Once the volume is equally divided according to our static contiguous object-based partitioning, 
each processor concurrently and independently works on one subset of the volume assigned to it 
by scanning over the subset and projecting every detected boundary cell inside the subset onto the 
image plane. Within about the same period of time, each processor finishes its work and supplies 
a pair of partial projection buffers. The complete projection buffers of the whole volume can be 
obtained by combining all of these partial projection buffers. 

Image-Based Partitioning for Ray Traversal 

In our algorithm, the projection buffers established in the boundary cell projection procedure 
not only provides close bounds on the intervals where the ray integrals need to be calculated, but 
also gives important information about the view-dependent distribution of the image complexity. 
Thus, a static contiguous image-based partitioning can be employed to divide the whole image 
into large blocks consisting of consecutive scanlines, one block per processor with roughly an equal 
amount of work. On each processor, ray integrals are performed within the bounded intervals along 
those rays cast from the viable pixels inside the assigned section of the image. The empty image 
scanlines can be efficiently skipped according to the information in the projection buffers. 

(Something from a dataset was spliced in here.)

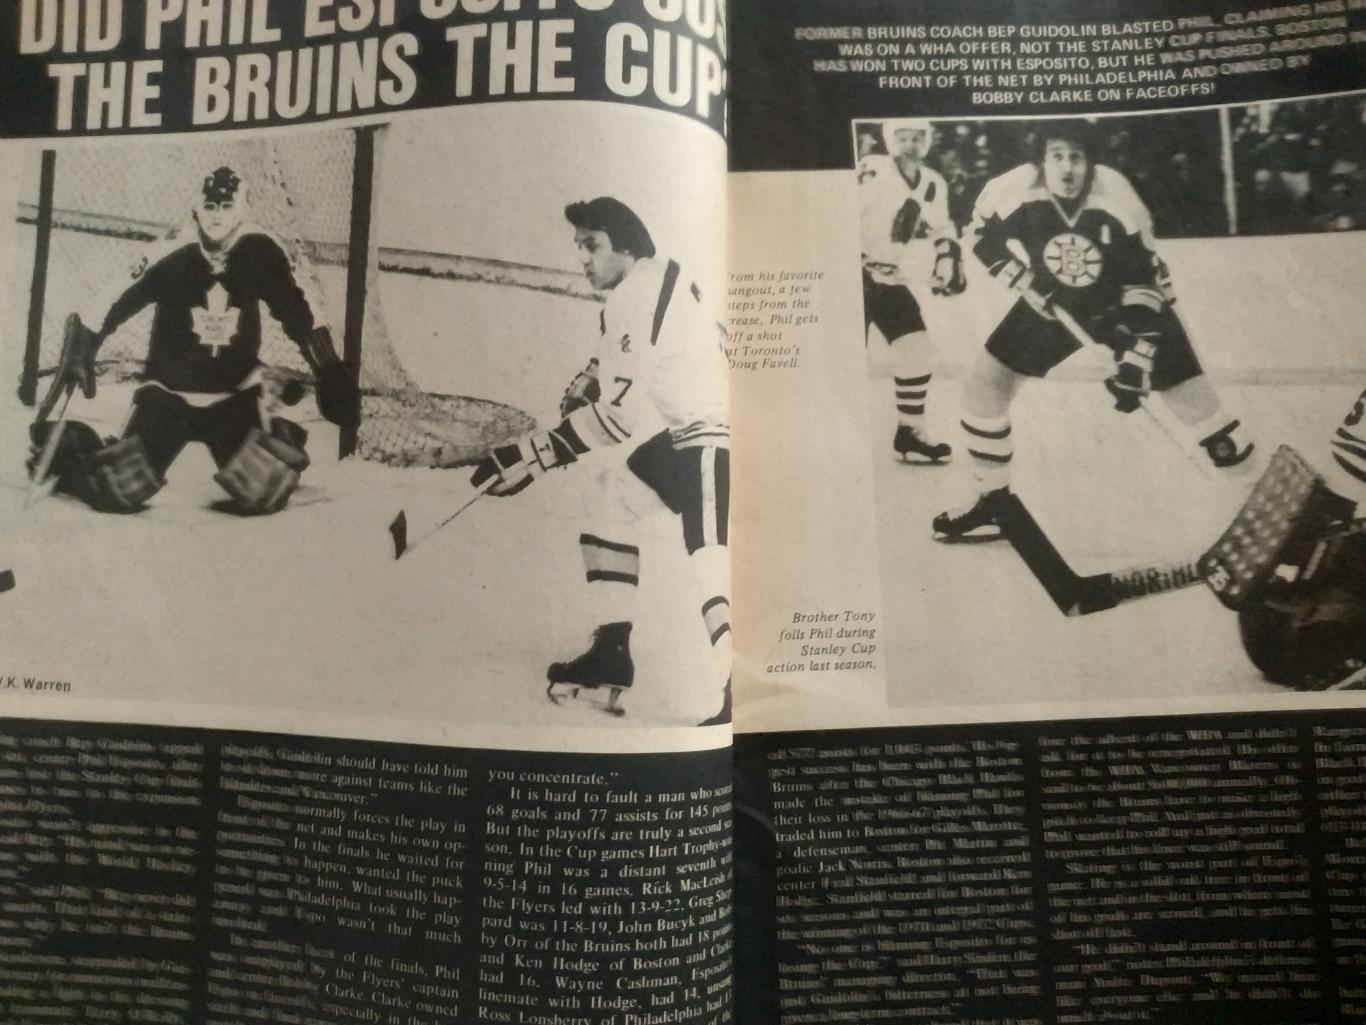 ЖУРНАЛ НХЛ СПОРТ СПЕШИАЛ ХОККЕЙ NOV 1974 NHL SPORTS SPECIAL HOCKEY 3
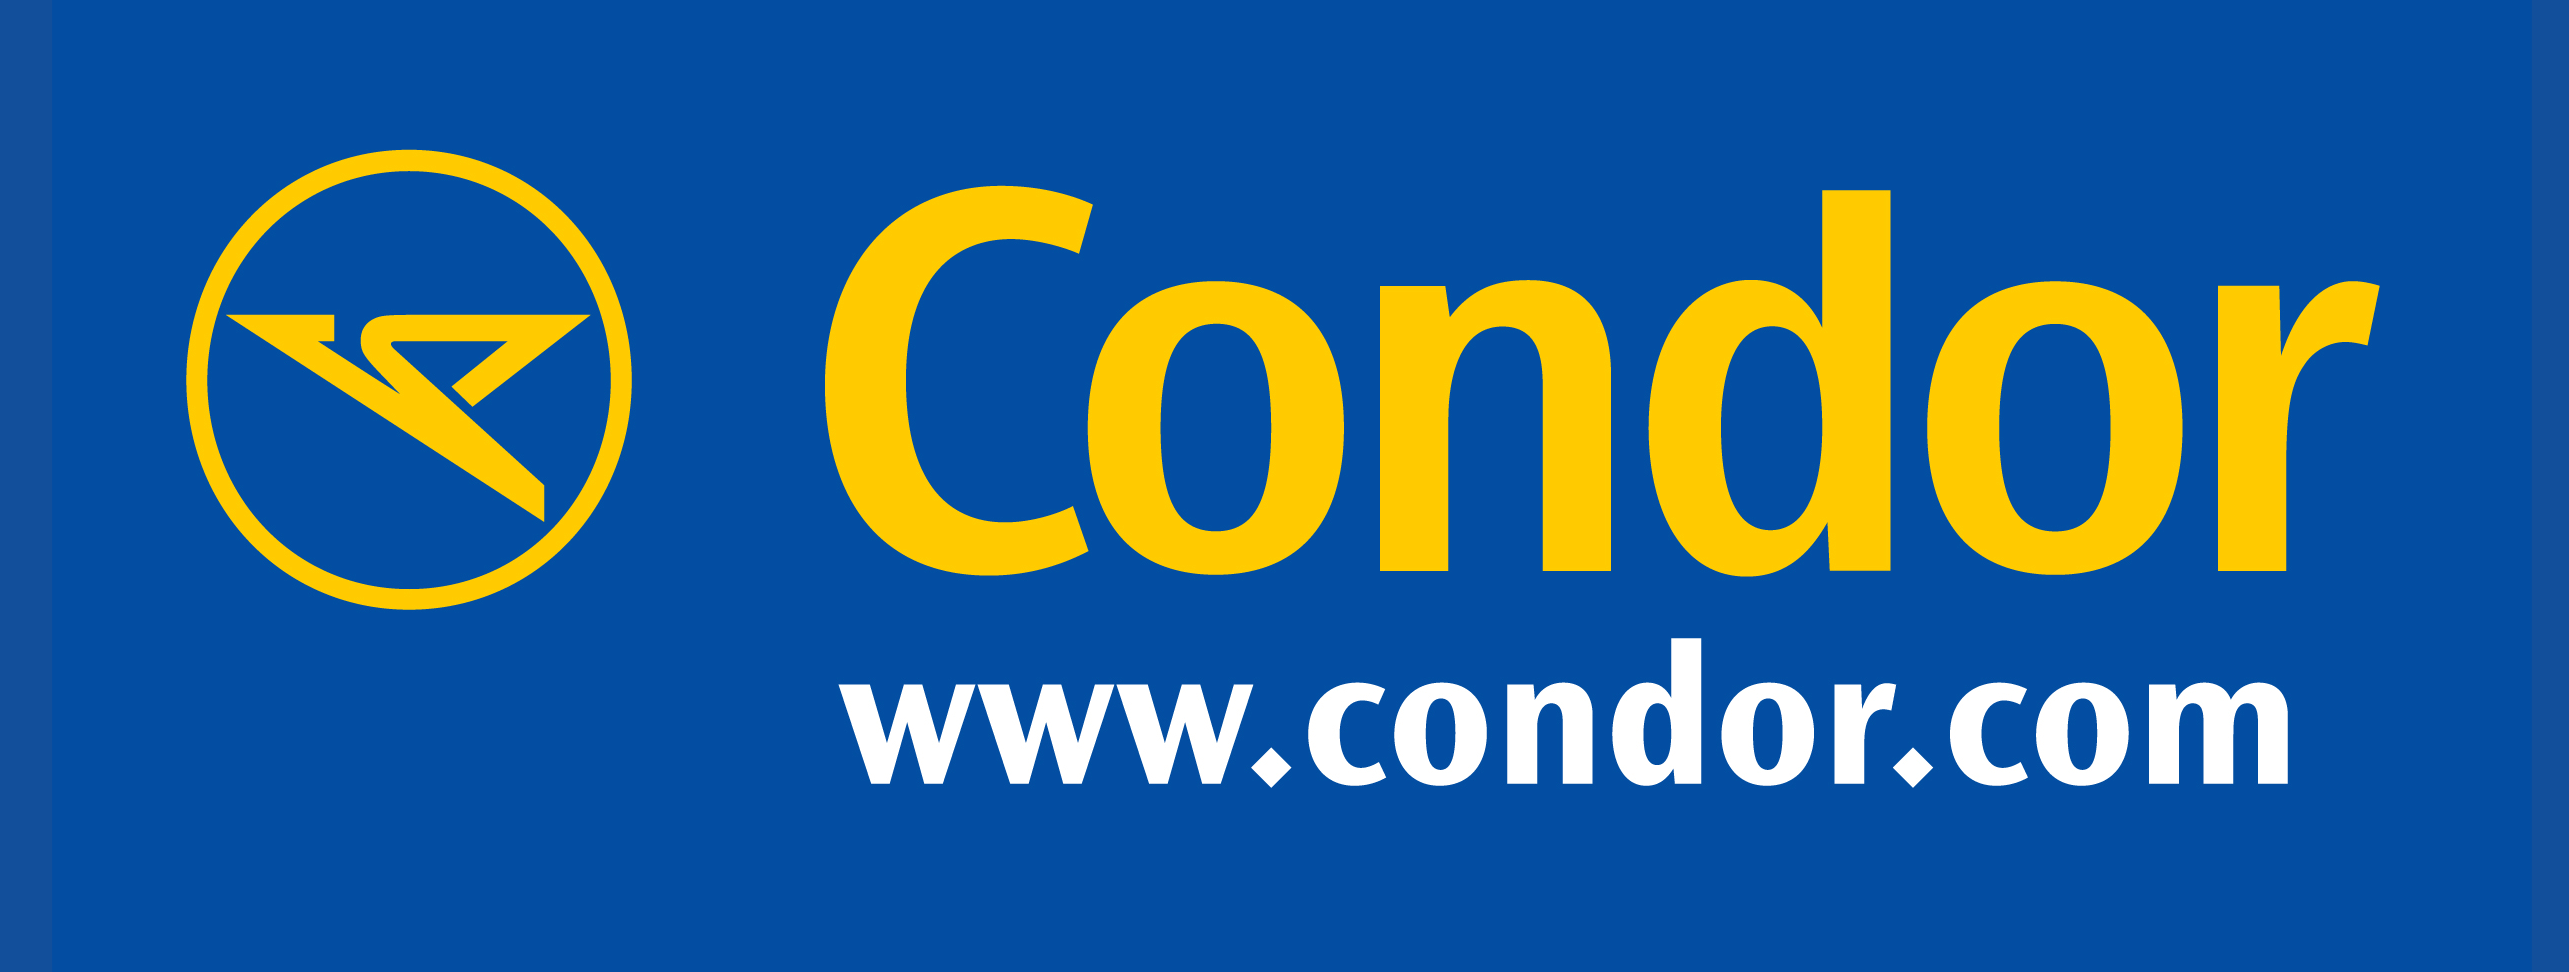 Blue Condor Logo - Condor logo.png

This parallel ray traversal procedure is also accelerated by the ray casting optimizations used 
in our serial ray casting algorithm, which fall into two classes according to whether or not there are 
computational dependencies between different rays. The optimizations in the non ray-dependent 
class, such as the early ray termination and the adaptive depth sampling, which are performed in- 
dependently along individual rays, can be directly applied with our image-based partitioning. How- 
ever, extra attention needs to be paid when incorporating the optimizations in the ray-dependent 
class, such as the adaptive image sampling, to avoid the cost of replicated ray casting from pixels 
shared by image sections assigned to different processors. 

Nieh and Levoy [2] have proposed a dynamic image-based partitioning scheme which reduces 
the cost associated with pixel sharing by delaying the evaluation of sample regions whose pixel 
values are being computed by other processors. In this project, we propose a simpler but more 
effective solution based on our static contiguous image-based partitioning, which completely avoids 
such costs without extra synchronization overhead: 

1. Divide the image into small square sample regions measuring I max pixels on each side; 

2. For P processors, separate the image made up of sample regions into P contiguous large 
blocks with roughly equal amounts of work; 

3. Each processor takes one image block and calculates its sample regions in scanline order from 
top to bottom using adaptive image sampling.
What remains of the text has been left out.